Дом, в котором жил Гена Федосеев, был красный, кирпичный, двухэтажный. Это был очень старый дом — внизу кирпичи давно позеленели, а над парадной дверью еще виднелись следы от старых букв: «Братья Масловы и Кo». Чем занимались эти братья Масловы, теперь никто не помнил, но зато каждый раз, когда в городе снимались кинокартины из дореволюционной жизни, операторы облюбовывали именно Генкин дом. Возле него вырастали старинные фонари, прохаживались дамы в длинных платьях и смешных шляпах, останавливались извозчичьи пролетки… А потом Генка и все мальчишки из их класса бегали в кино и радостно вопили, когда узнавали «свой» дом.

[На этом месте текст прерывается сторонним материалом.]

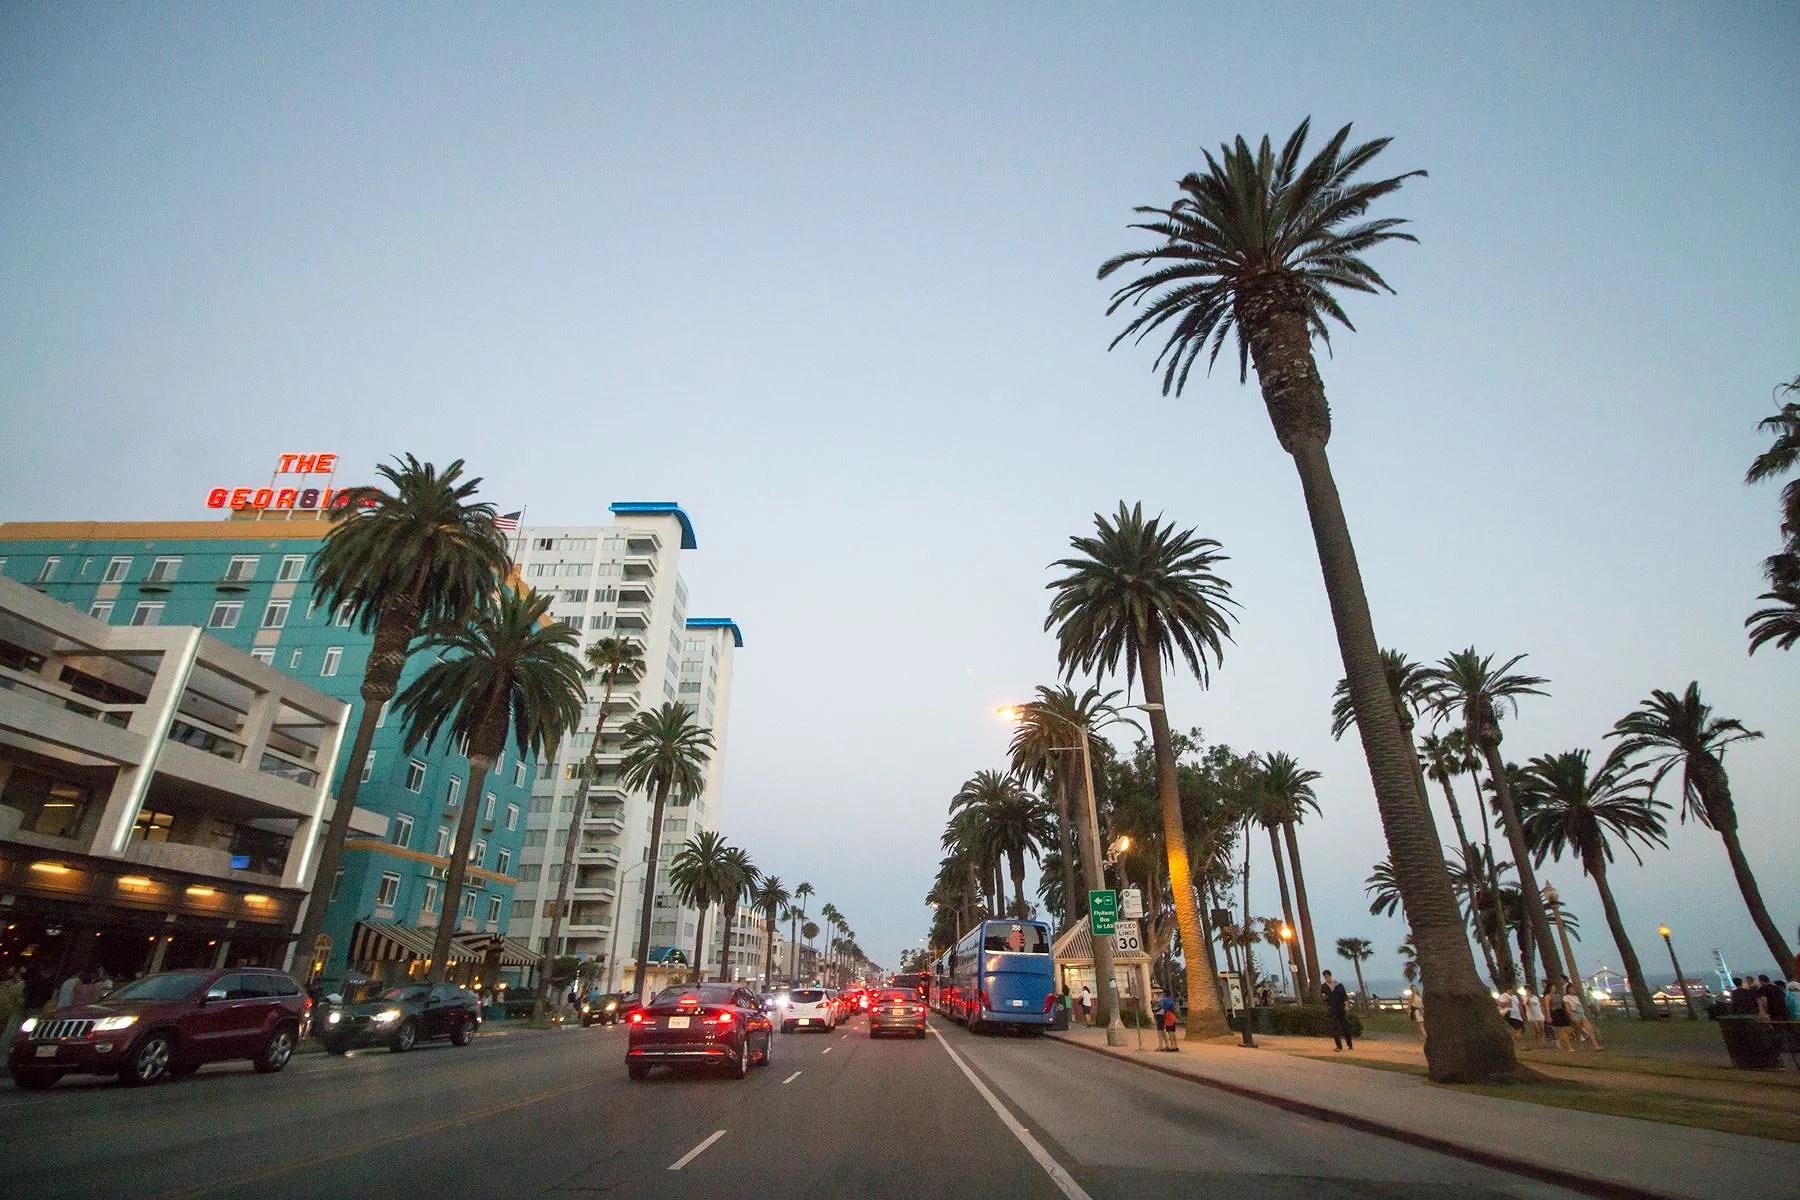 Värt att tänka på när man åker till LA
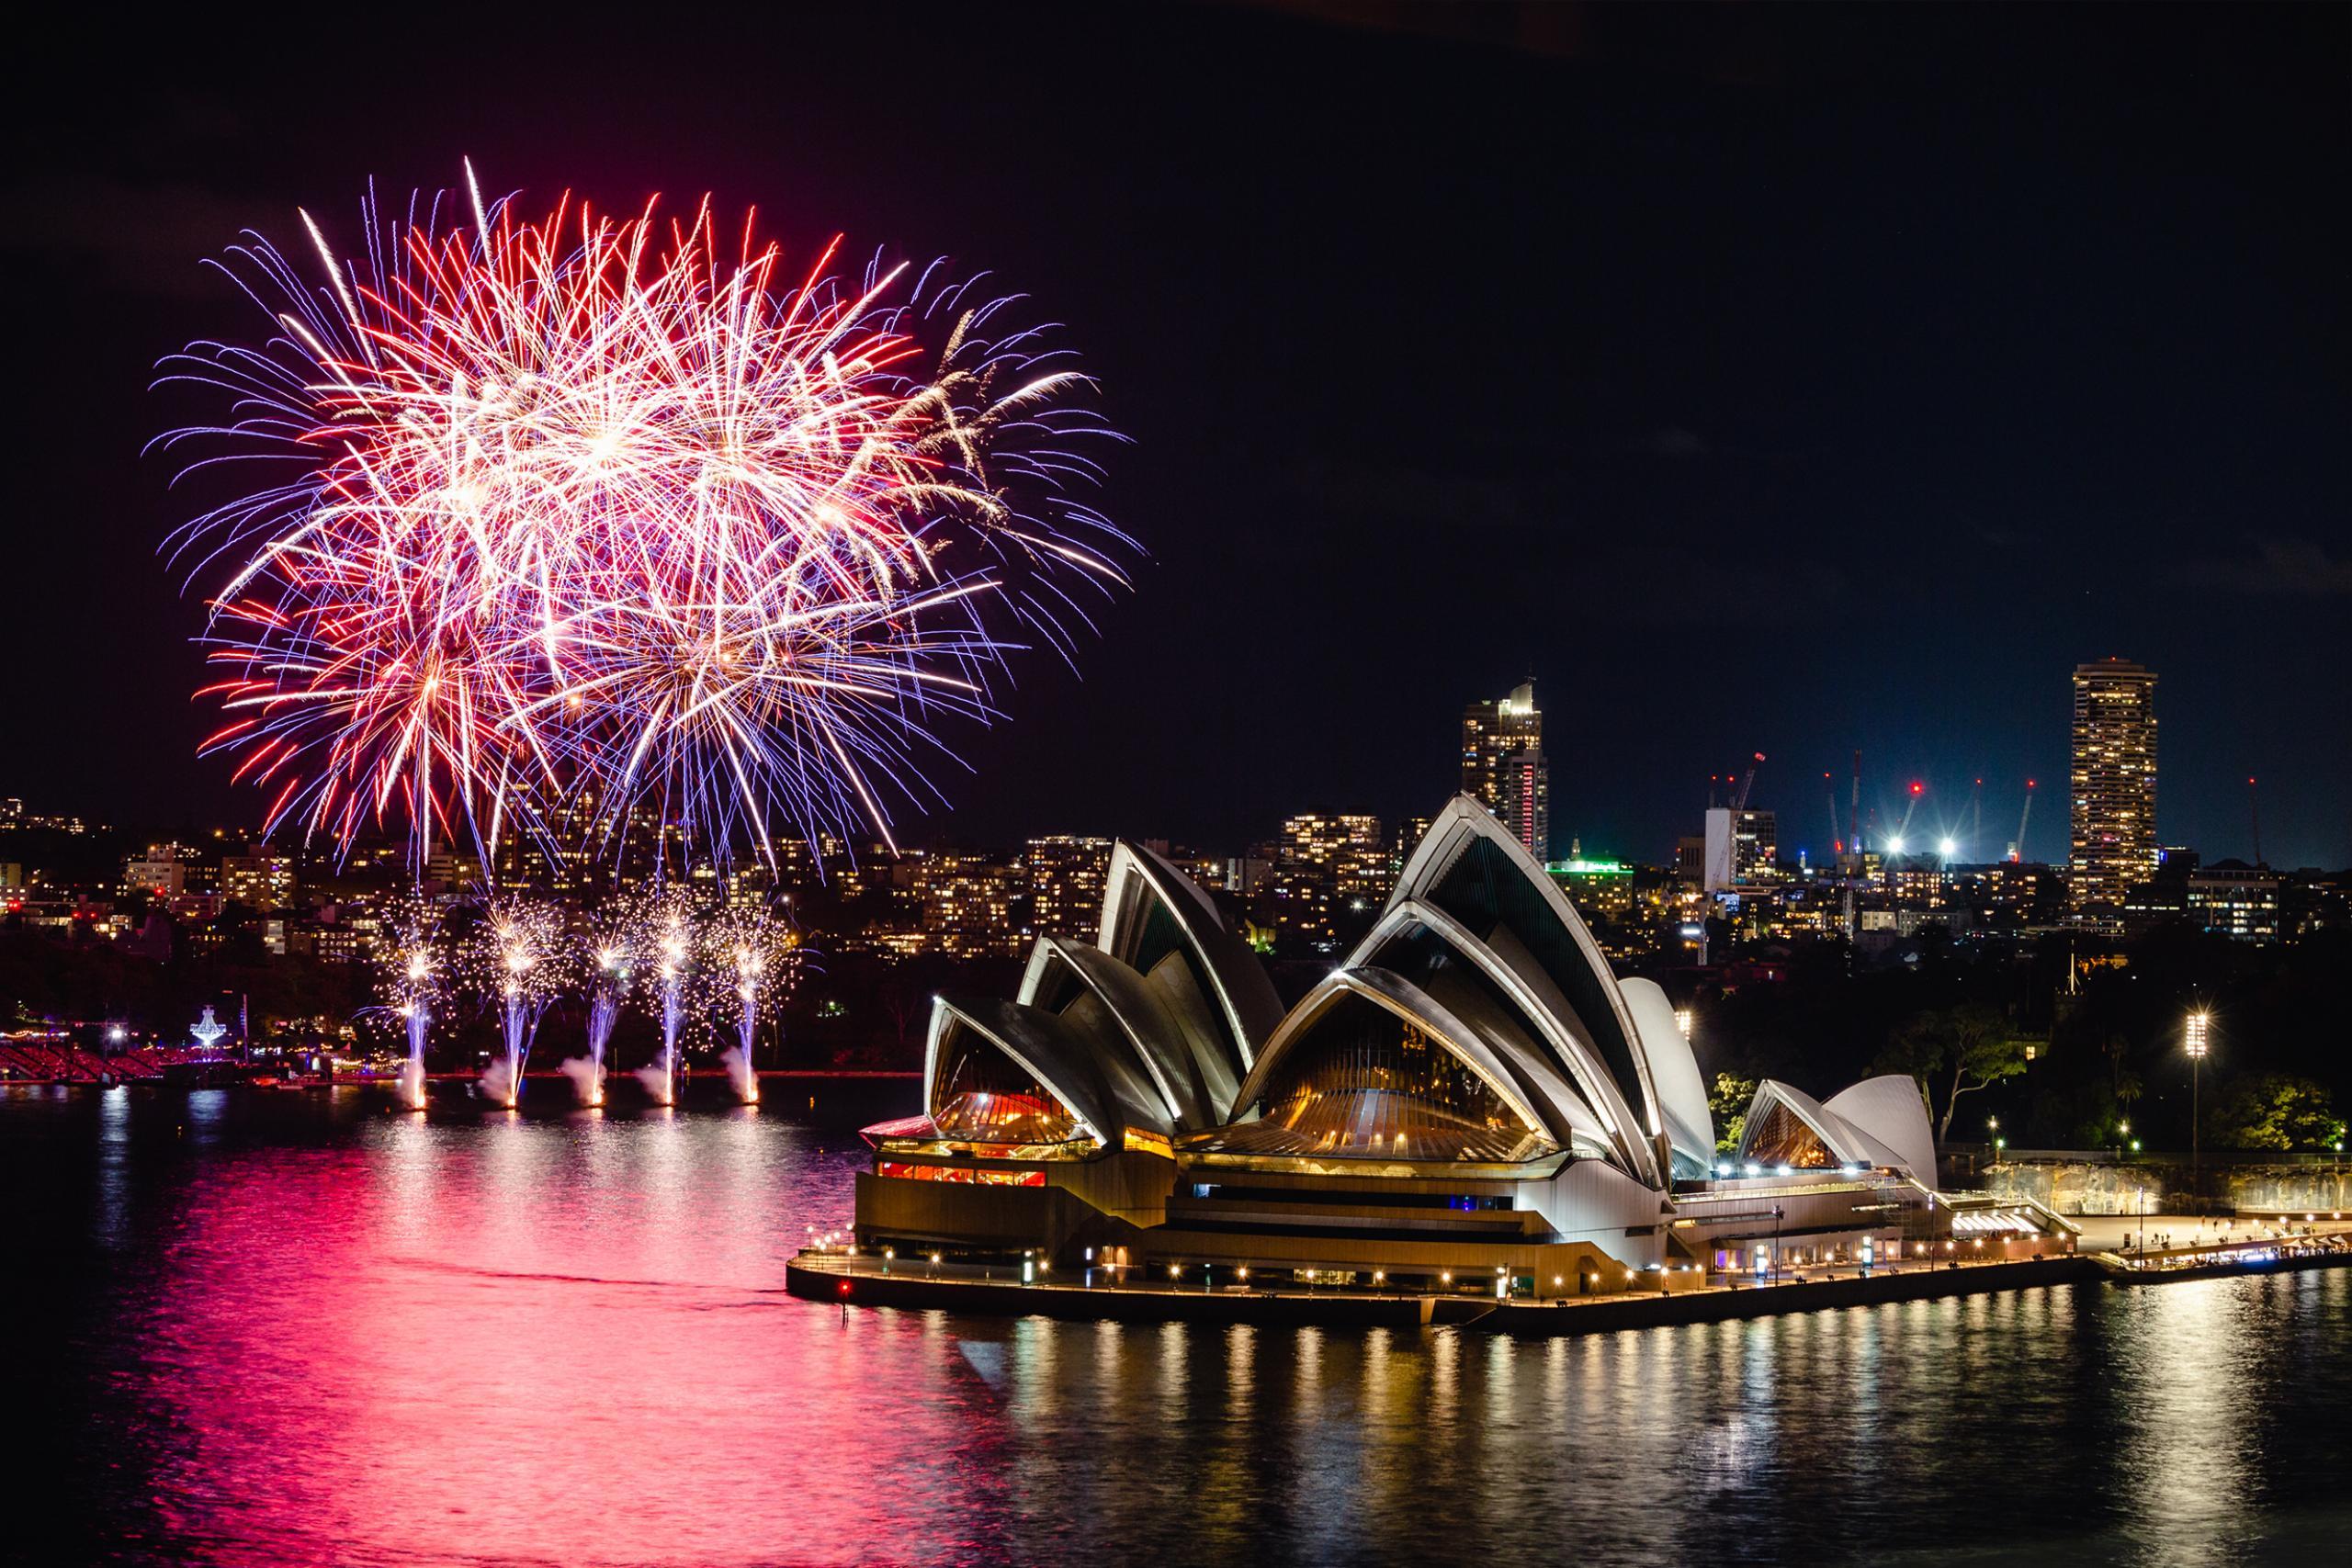 オーストラリアイベントカレンダー ハンダオペラオンシドニーハーバー

Таня не любила этот дом. Раньше она боялась его, а теперь просто не любила.
Когда она была совсем маленькой, няня пугала ее на ночь:
— Вот не будешь спать, придет горбун, заберет тебя… А вот уже идет хромой дядька с мешком, собирает в мешок непослушных детей. Слышишь — скрипит лестница: скрип, скрип, кто здесь не спит? Скрип, скрип… Кто здесь балуется?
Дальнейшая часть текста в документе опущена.